L’olio d’oliva pugliese attrae sempre più l’interesse internazionale. A Lecce (Masseria Stali, Caprarica, ore 9), dal 26 al 28 ottobre, ventisei imprese di settore locali incontrano dieci operatori provenienti da Germania e Bulgaria interessati a scoprire le straordinarie qualità dell’oro di Puglia. Perché dalla potatura alla raccolta, dalla macinatura al consumo, la coltivazione dell’ulivo è un atto d’amore e ogni goccia d’olio racchiude in sé un mondo di tradizioni e sapori unico e inimitabile. La missione incoming di operatori esteri, promossa e organizzata dall’Assessorato allo Sviluppo economico – Servizio internazionalizzazione, in collaborazione con Coldiretti Puglia, sarà l’occasione per rafforzare l’immagine del comparto produttivo regionale e far conoscere agli operatori coinvolti il sistema di offerta pugliese, con particolare riferimento alle produzioni tipiche di qualità certificata.

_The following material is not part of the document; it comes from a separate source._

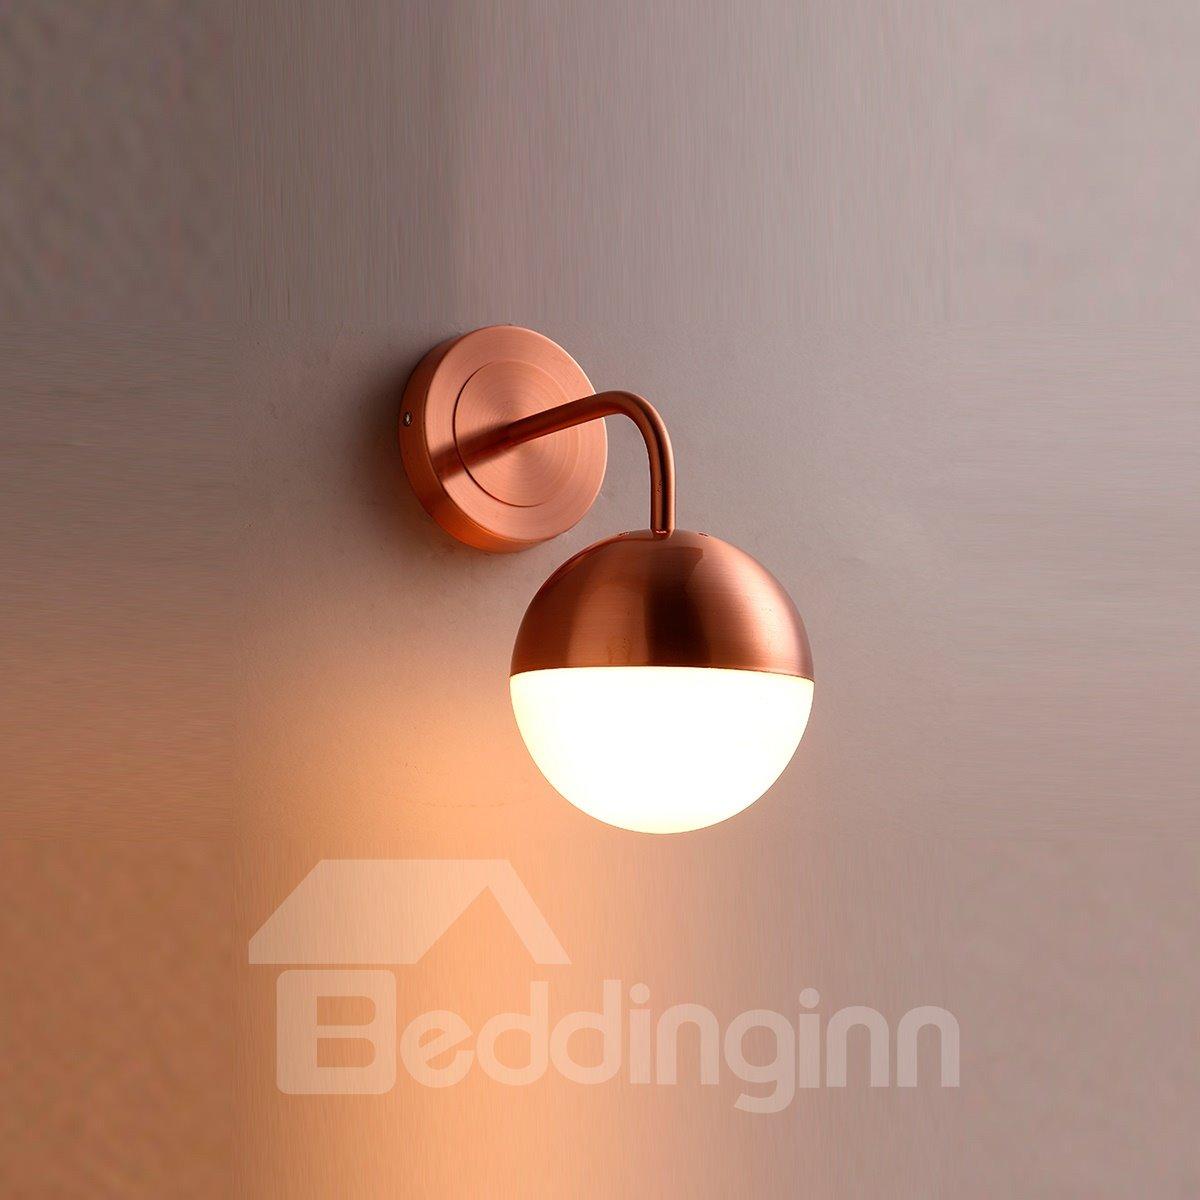 Golden Basis Hardware and Glass Modern 1-Head Decorative Wall Light

“Siamo la prima regione d’Italia per la produzione d’olio d’oliva – ha detto l’assessore allo Sviluppo economico della Regione Puglia, Loredana Capone. Siamo la prima regione d’Italia per la produzione di oli di qualità. Nonostante il calo registrato nell’annata 2014/2015, infatti, la produzione pugliese contribuisce per il 60% a quella nazionale. Puglia, Calabria e Sicilia, insieme, rappresentano l’80% della produzione olivicola italiana al netto dei flussi di materia prima verso le regioni del centro-nord. L’olio d’oliva è l’oro della Puglia, un alimento antico, prezioso e soprattutto salutare, come la terra dalla quale è generato. Questa iniziativa ha dunque l’obiettivo di promuoverlo in tutto il mondo, ampliando sempre più le opportunità di sbocco per le imprese pugliesi sui mercati esteri”.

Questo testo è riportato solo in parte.